The 27-year-old Tipperary cyclist out-sprinted some of the best in the world to take the line on stage seven into Praia A Mare after 158km.
This came after two thirds in the first week of this year's edition and a string of seconds and thirds in last year's race.
He had been duelling with home favourite Elia Viviani, who won two stages and wore the points classification leader's purple jersey, since the Giro started in Israel last week and he finally got the better of him, pipping him on the line following a fiercely contested bunch sprint.
Bennett says he was delighted to finally win a stage in one of cycling's big three - the Giro, the Tour de France and the Vuelta a Espana - and is now looking forward to two more relaxing weeks.
"The first few stages I just got the timing a bit wrong. I had the power, I knew what I was capable of, but it’s one thing having the belief and another thing doing it," said the Carrick-on-Suir man.
"Anything else now is a bonus. Obviously, I really want to win again, but it’s going to be more relaxing because today I felt a lot of pressure.
"There’s less opportunities after this stage and there are so many tough stages to come. I’m just so much more relaxed."
There are still 14 more gruelling stages left in the tour of Italy, and few of them are suited to a sprinter like Bora-Hansgrohe man Bennett.

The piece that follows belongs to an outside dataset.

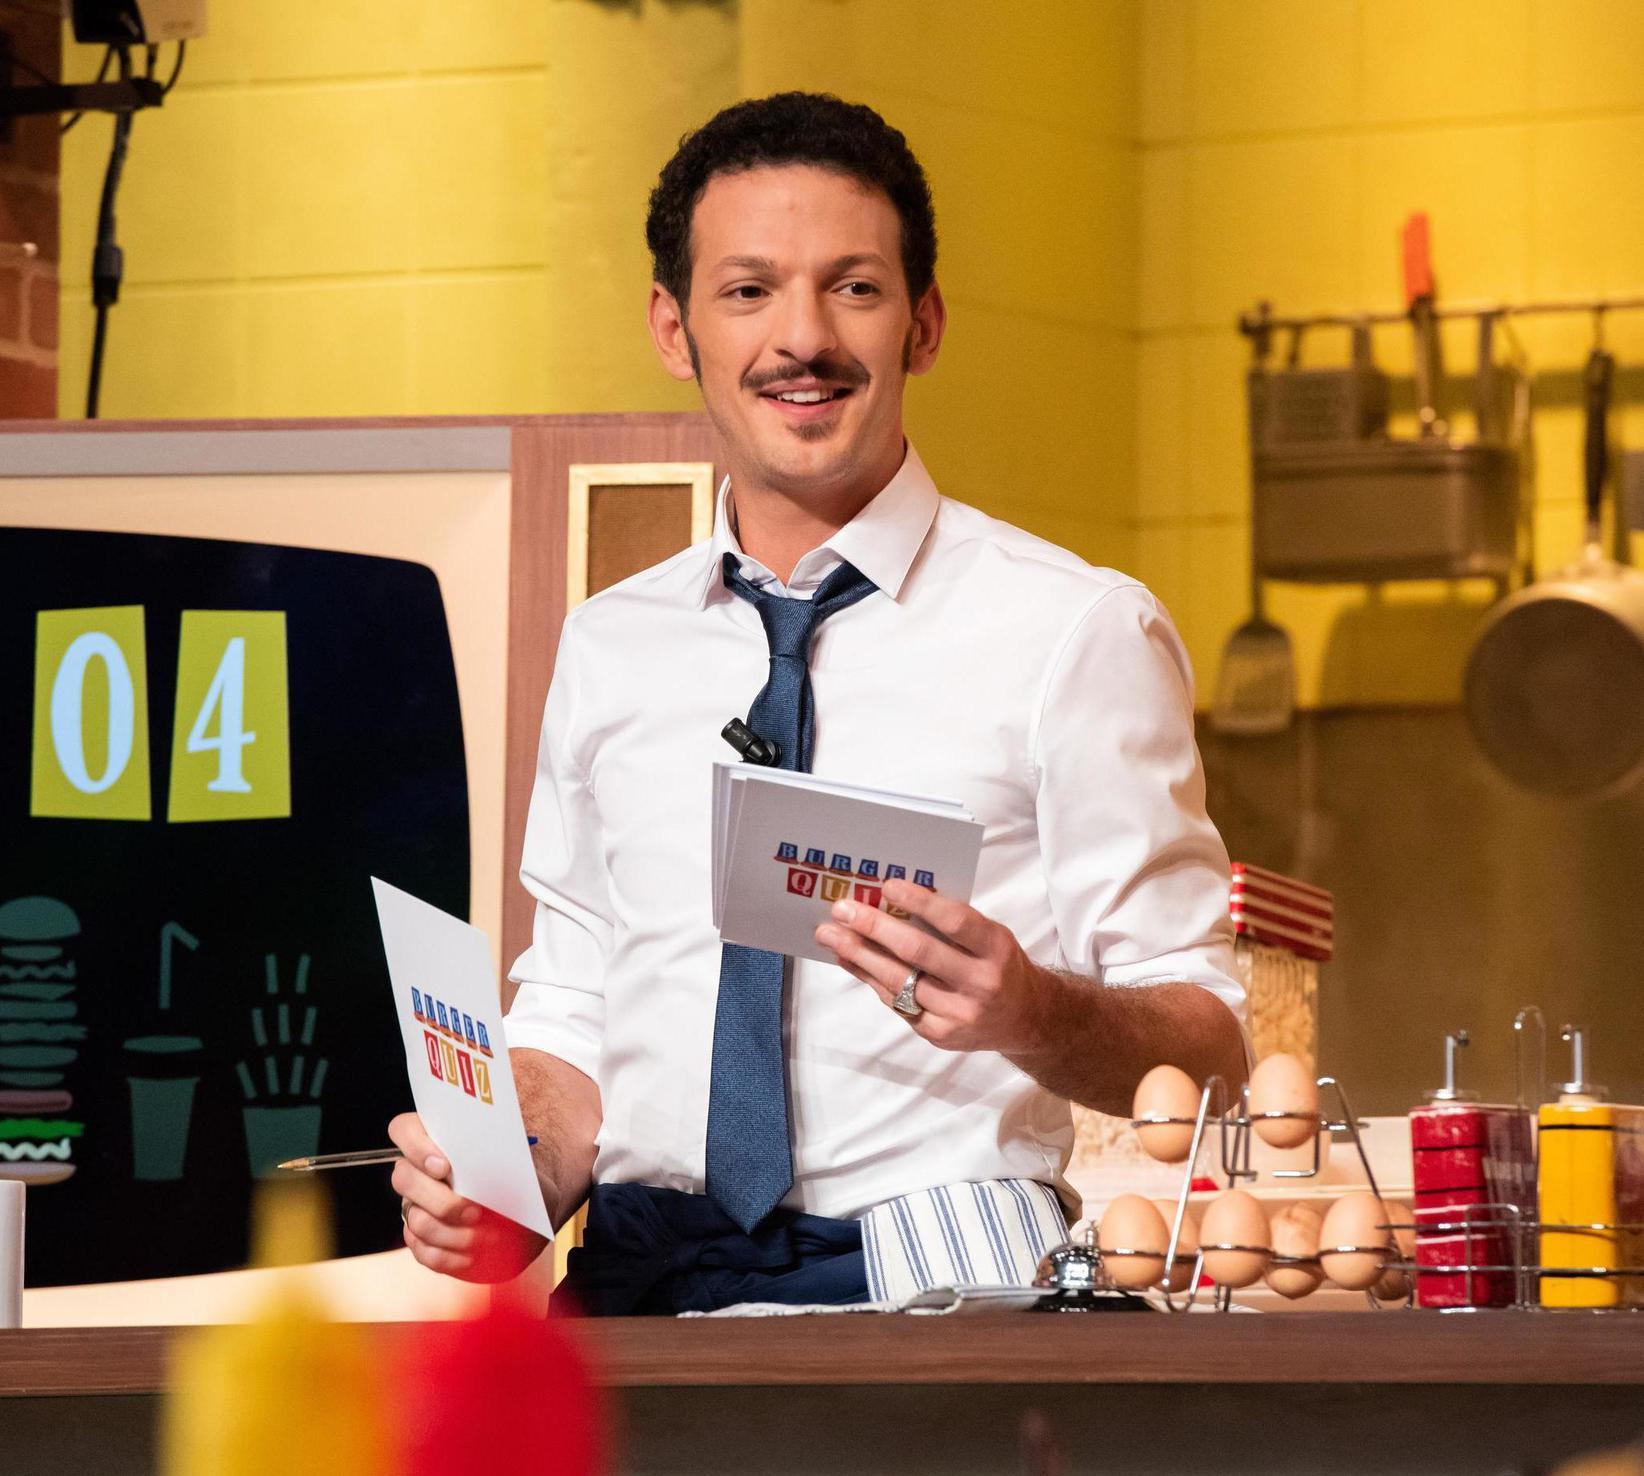 Benoît Daragon

In fact, many of them are packed with mountainous climbs and it will be a struggle for some of the fast man to make it as far as Rome on 27 May.

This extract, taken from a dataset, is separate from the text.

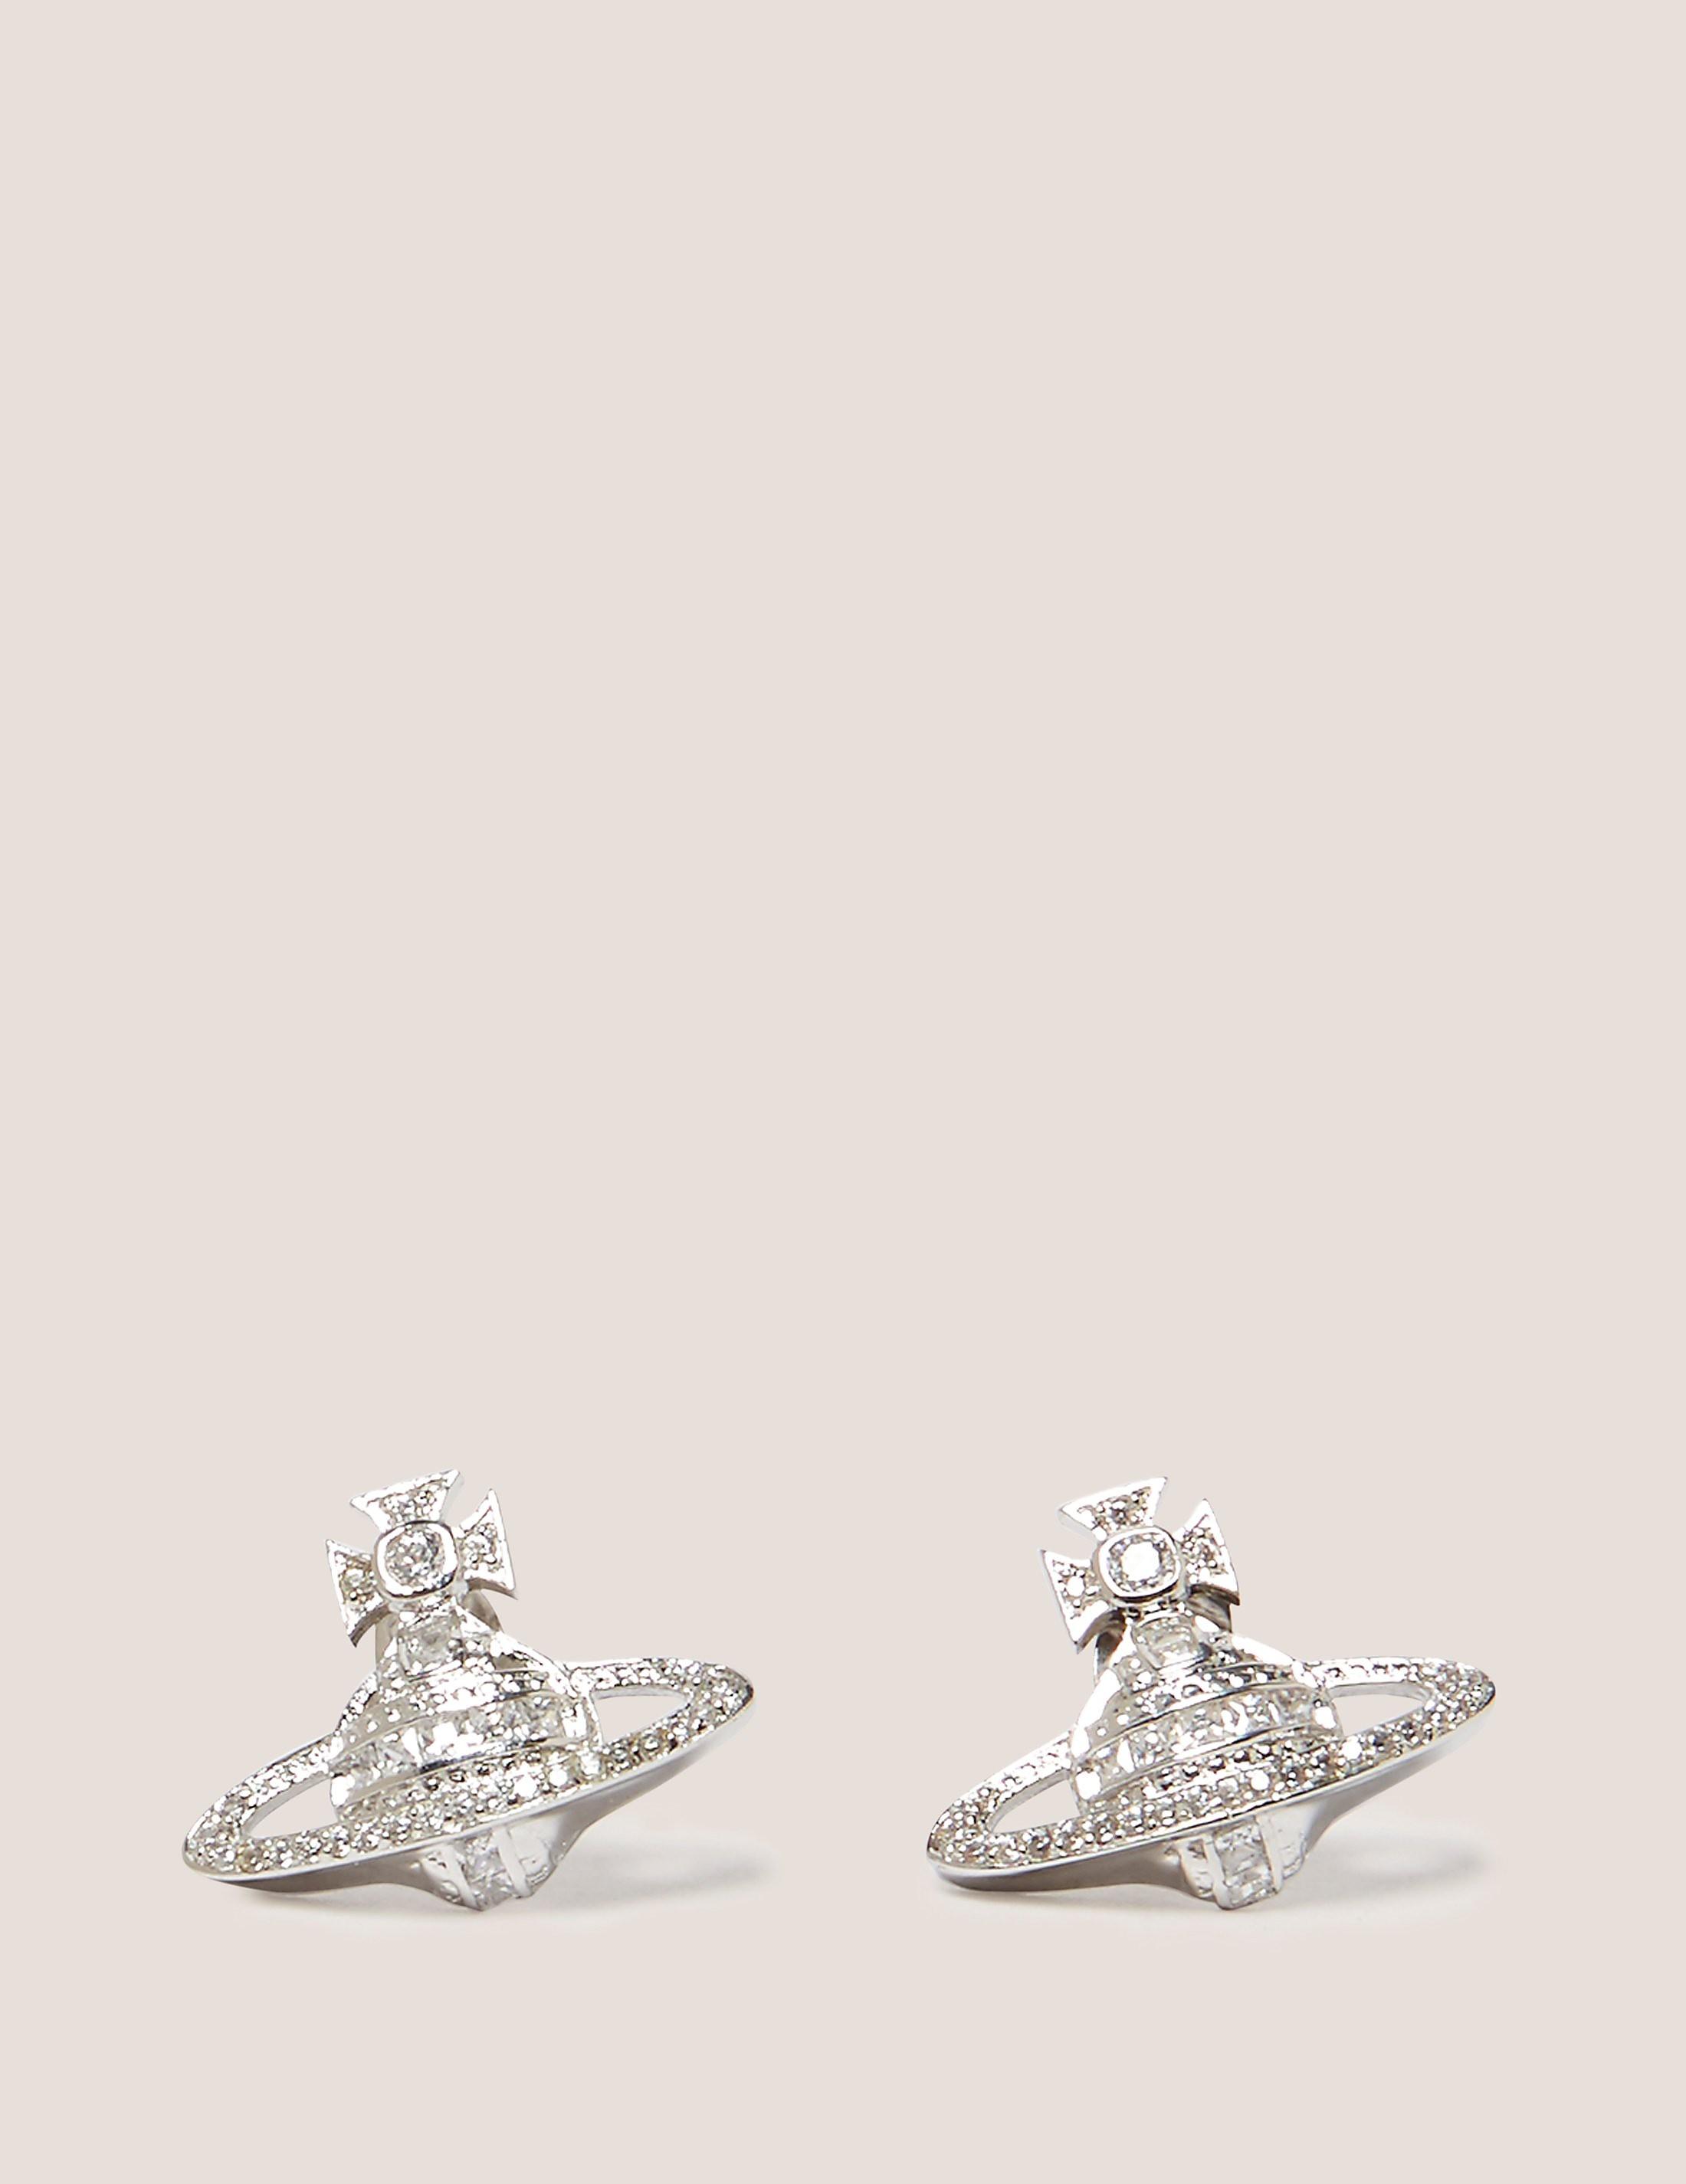 Vivienne Westwood Andrea Stud Earrings

Earlier in the Giro Bennett had lost his favoured lead-out man Rudi Selig to illness so Bennett had to do much of the work on his own.
He explains that he left it to Viviani's Quickstep Floors team to make the pace on the front and he was careful to stay on the Italian's wheel.
He said: "Today was about patience. At one stage I thought Quickstep had gone too early and they were looking back to check me out and I was wondering were they trying to panic me and get me to go early again. I was glad I kept my cool and it paid off.
"They were really far back and I thought there was no way we’d come back because there was the chicane still to come and I thought for sure it would be one line so even if we did get back, would I still have the power still to go? There were a few close calls, but we made it.
"I could see the same thing with Lotto Jumbo, they went early and Viviani saw the opportunity. It was Viviani’s team mate that took his wheel to try to give him more breathing space and they closed the door there.
"It was really disappointing to lose Rudi, but the guys did a great job today and I could see they had real big belief in me. I want to thank them all for the support, the team that’s working hard behind the scenes and everybody that helped me to get to this point in my career."
This was the first first time an Irish rider has claimed a stage at the Giro in 31 years, since Stephen Roche won a time trial on the way to overall victory in 1987.
Britain's Simon Yeats remains in the leader's pink jersey after he finished safely in the peloton.